Saleem Yousuf (born 7 December 1959) is a former Pakistani international cricketer who played in 32 Test matches and 86 One Day Internationals between 1982 and 1990. He was a wicketkeeper. He made his highest Test score of 91 not out against England at Edgbaston in 1987. One of his most memorable innings was in a match against the West Indies in the 1987 World Cup, which turned certain defeat into victory for Pakistan.

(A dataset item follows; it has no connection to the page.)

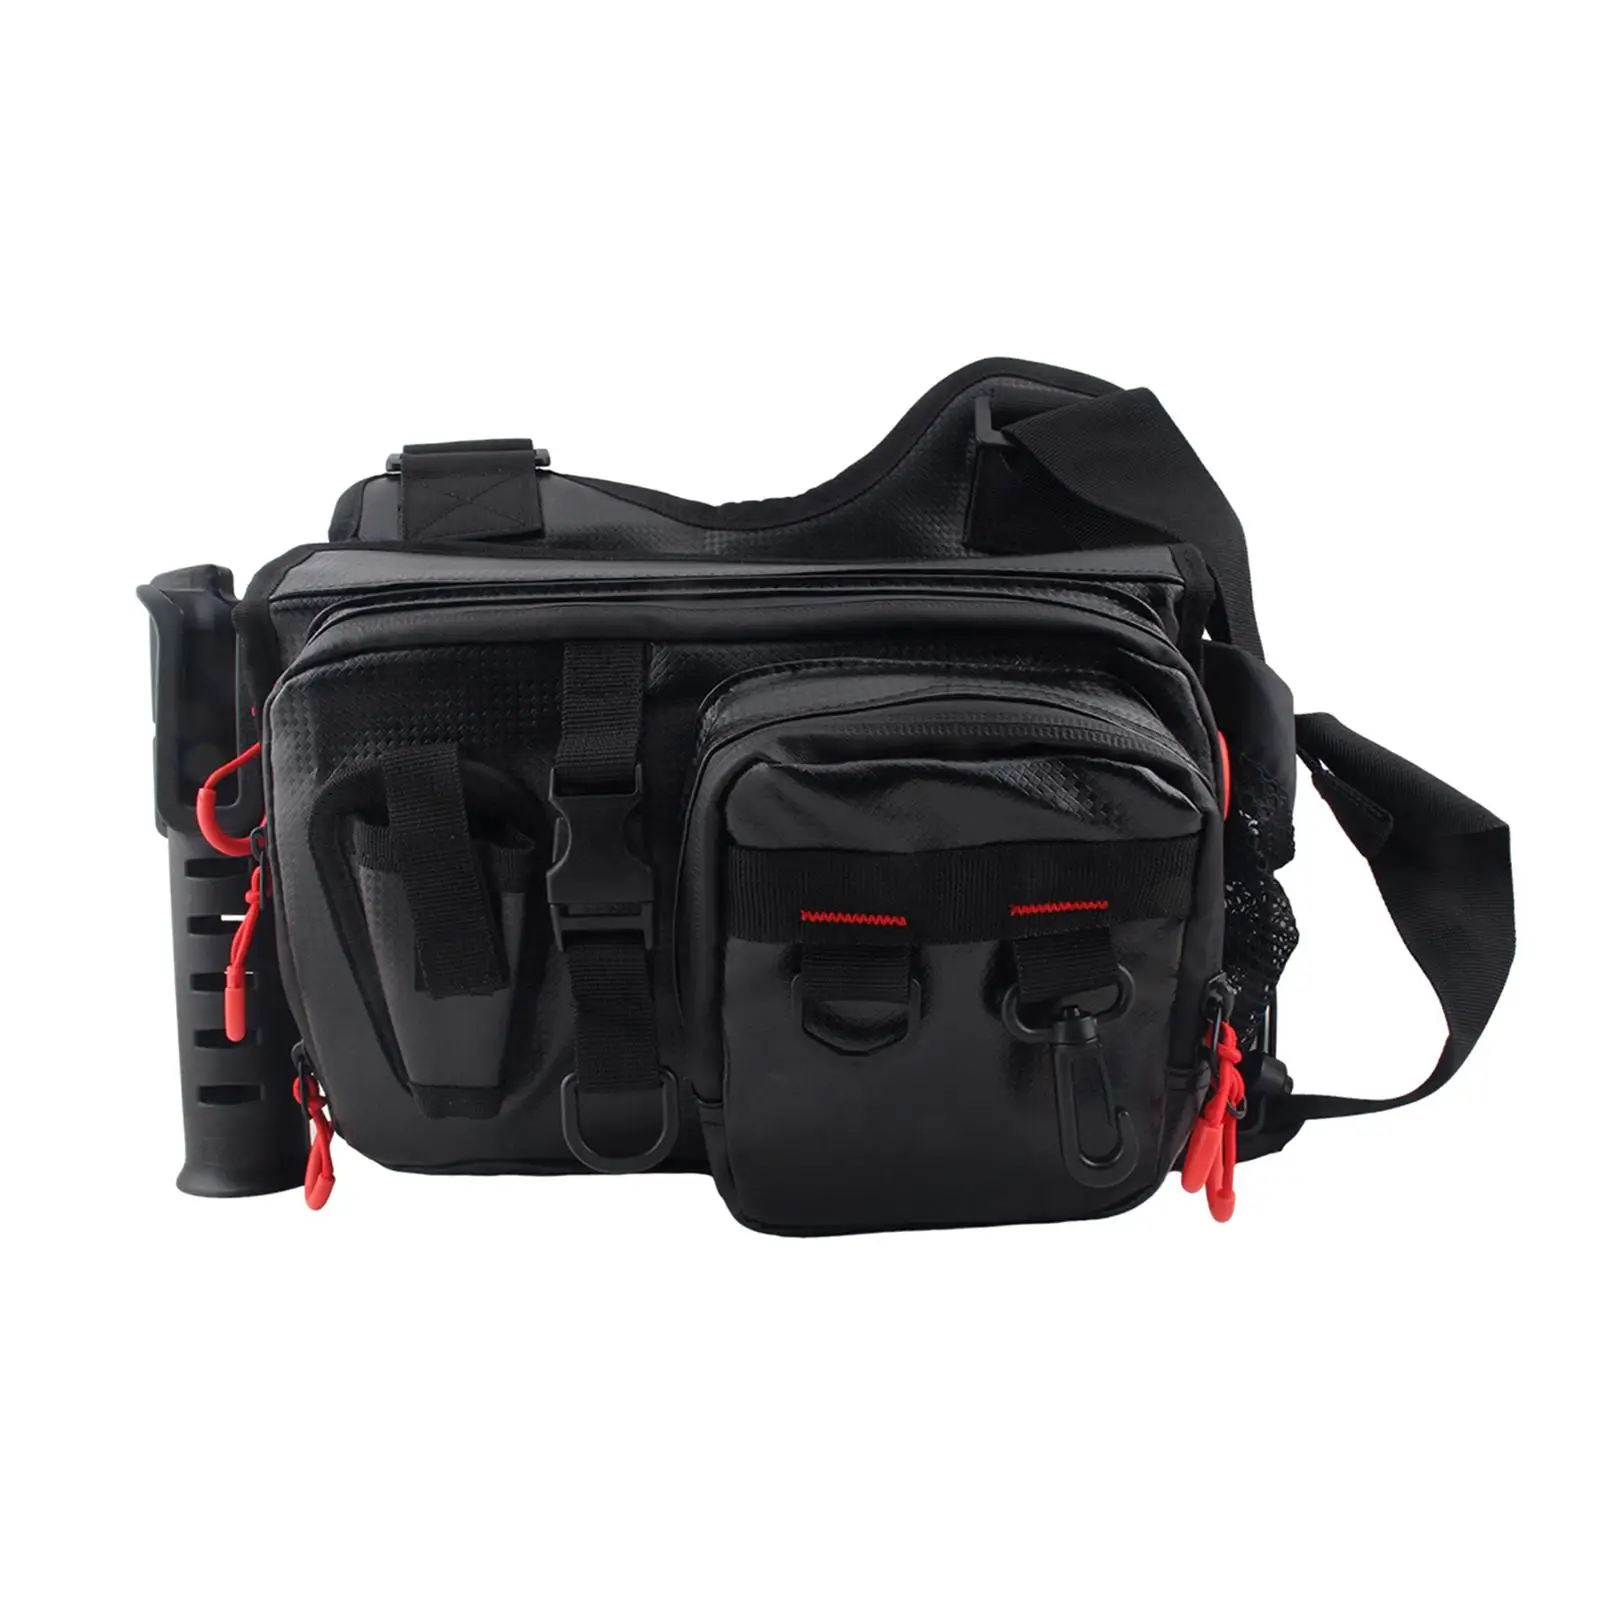 Lure Bag Resistant Waterproof Fashion Accs Fishing Bag Fanny Pack Lure Fishing Bag for Hiking Fishing Camping Outdoor Adult
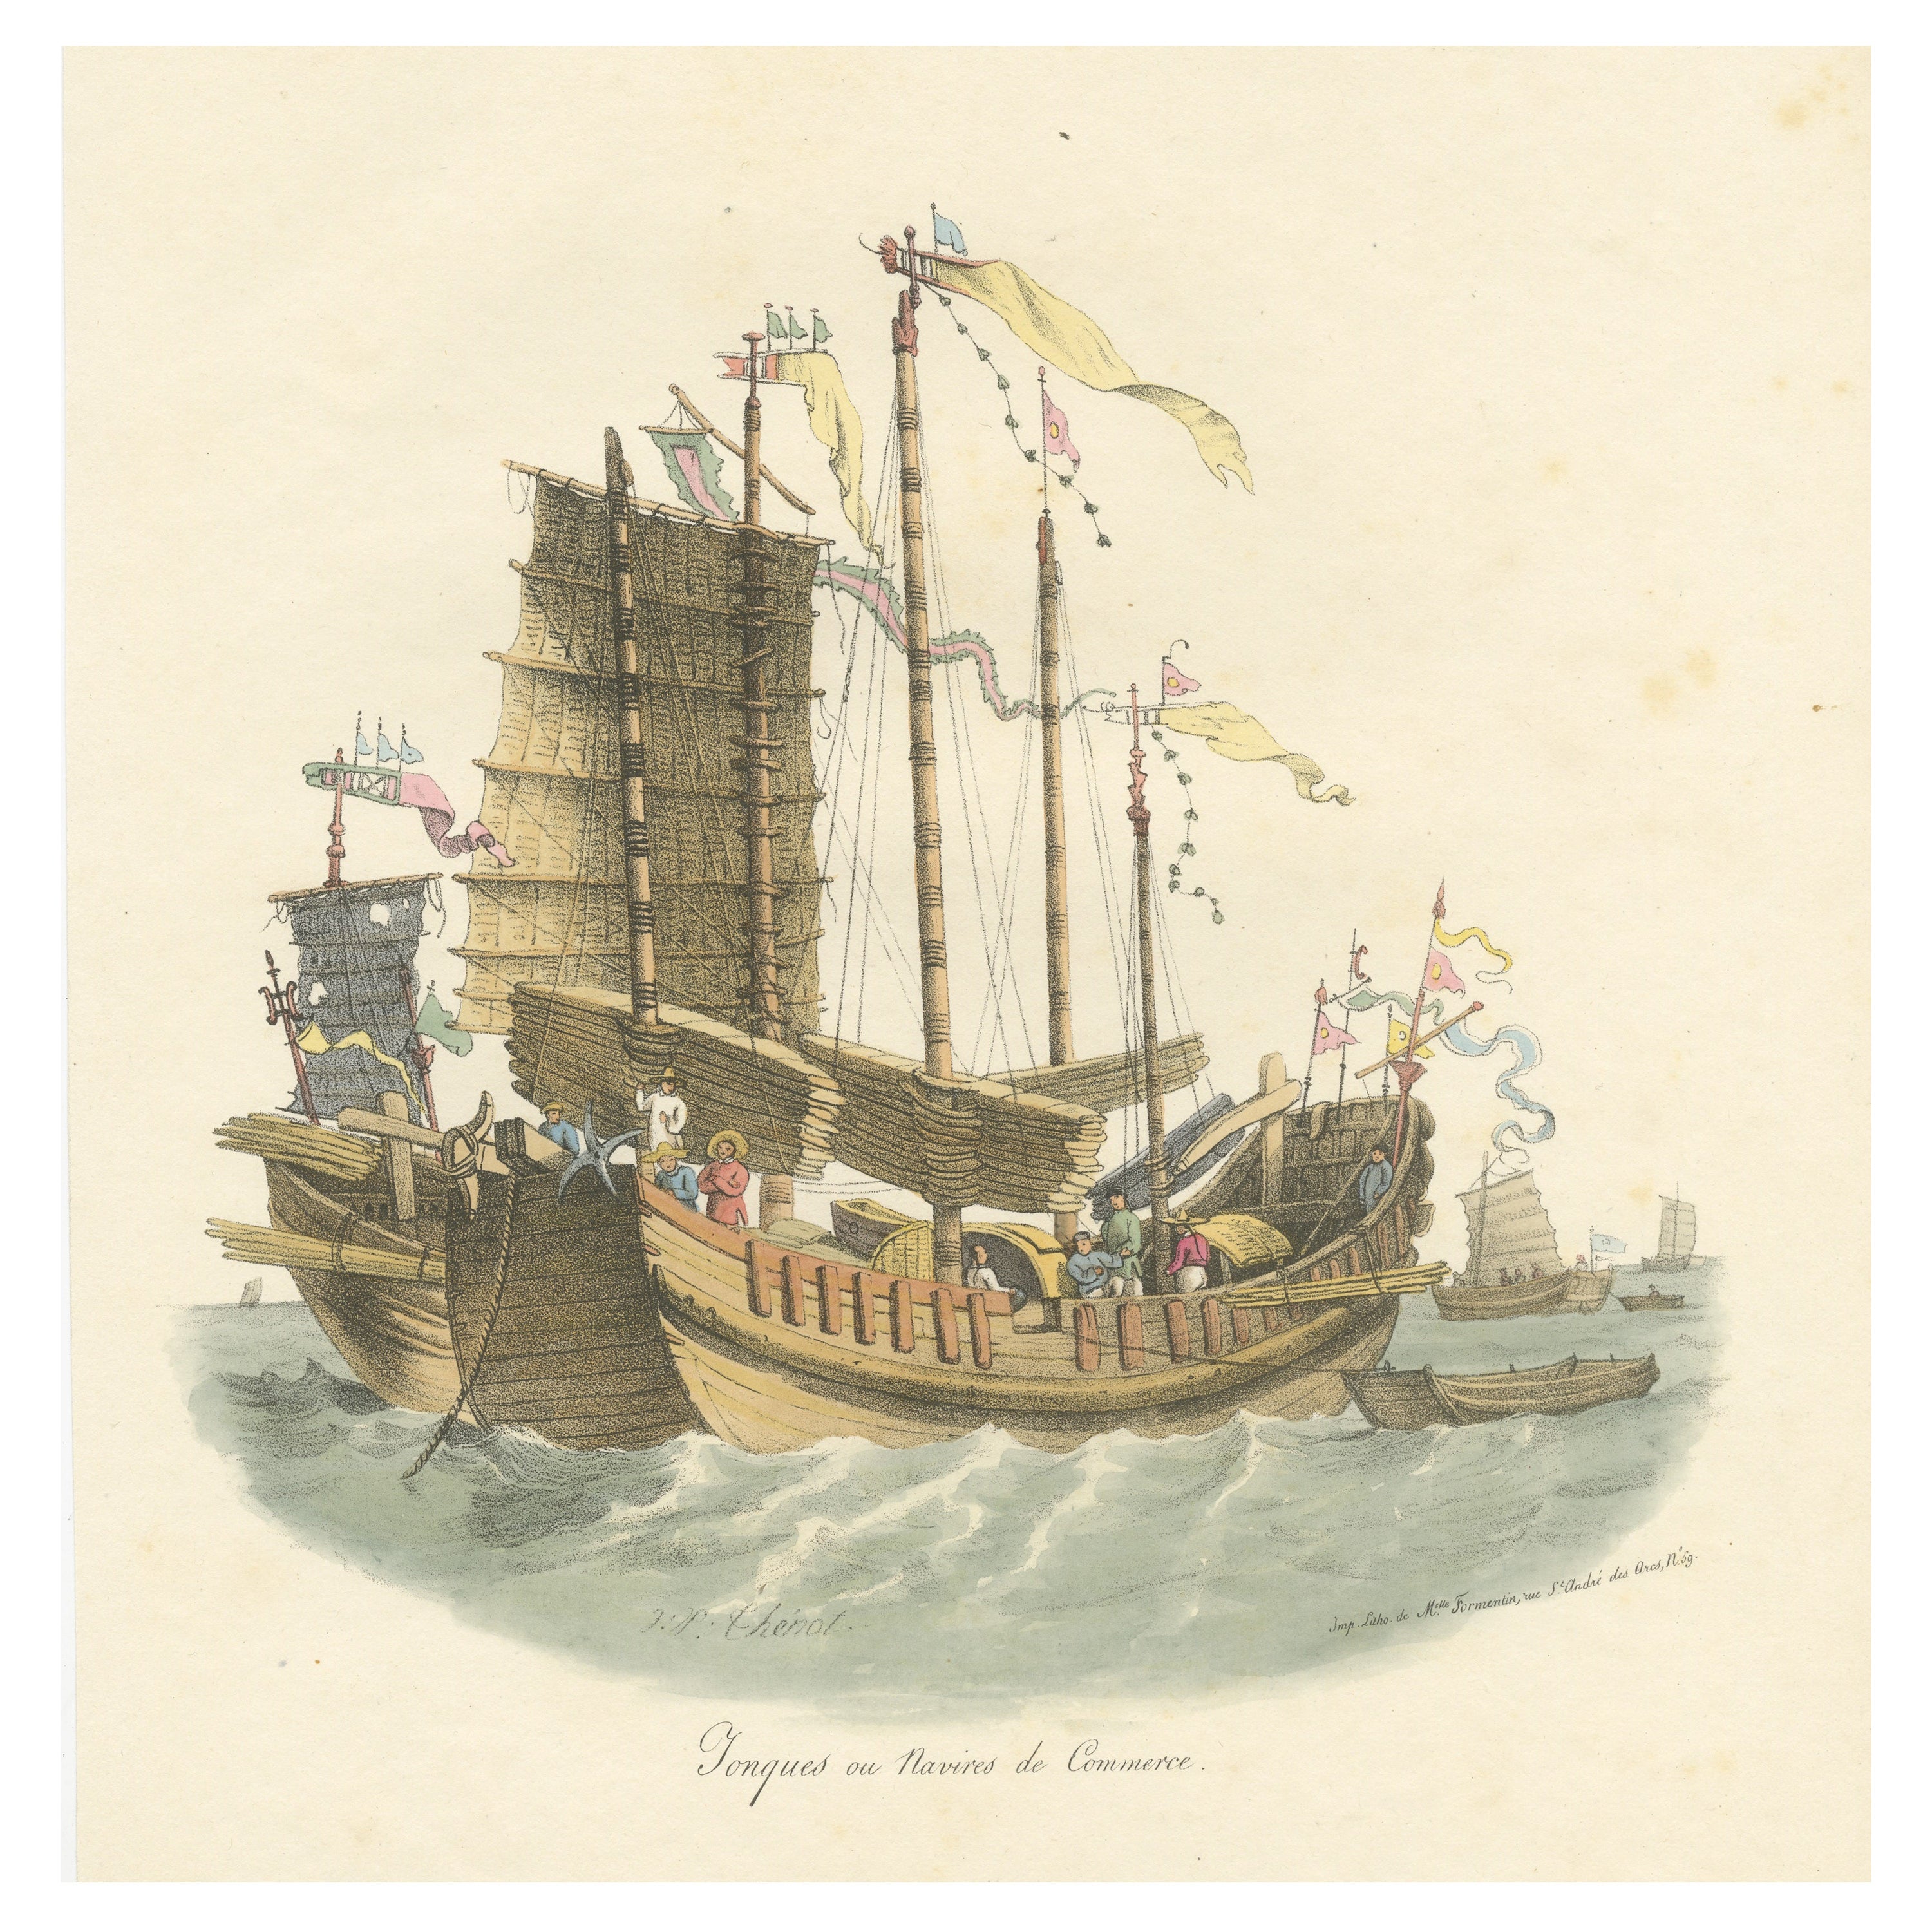 Antique Print of Chinese Junks or Merchant Ships, 1827

In 1990, Saleem Yousuf became the first wicketkeeper to record three stumpings in an ODI innings and still jointly holds the record for the most stumpings in a single ODI innings.

Post-retirement
After retirement, he served on the Selection Committee for the Pakistan Cricket Board. He presently serves as Principal Appraiser in the Pakistan Customs Service.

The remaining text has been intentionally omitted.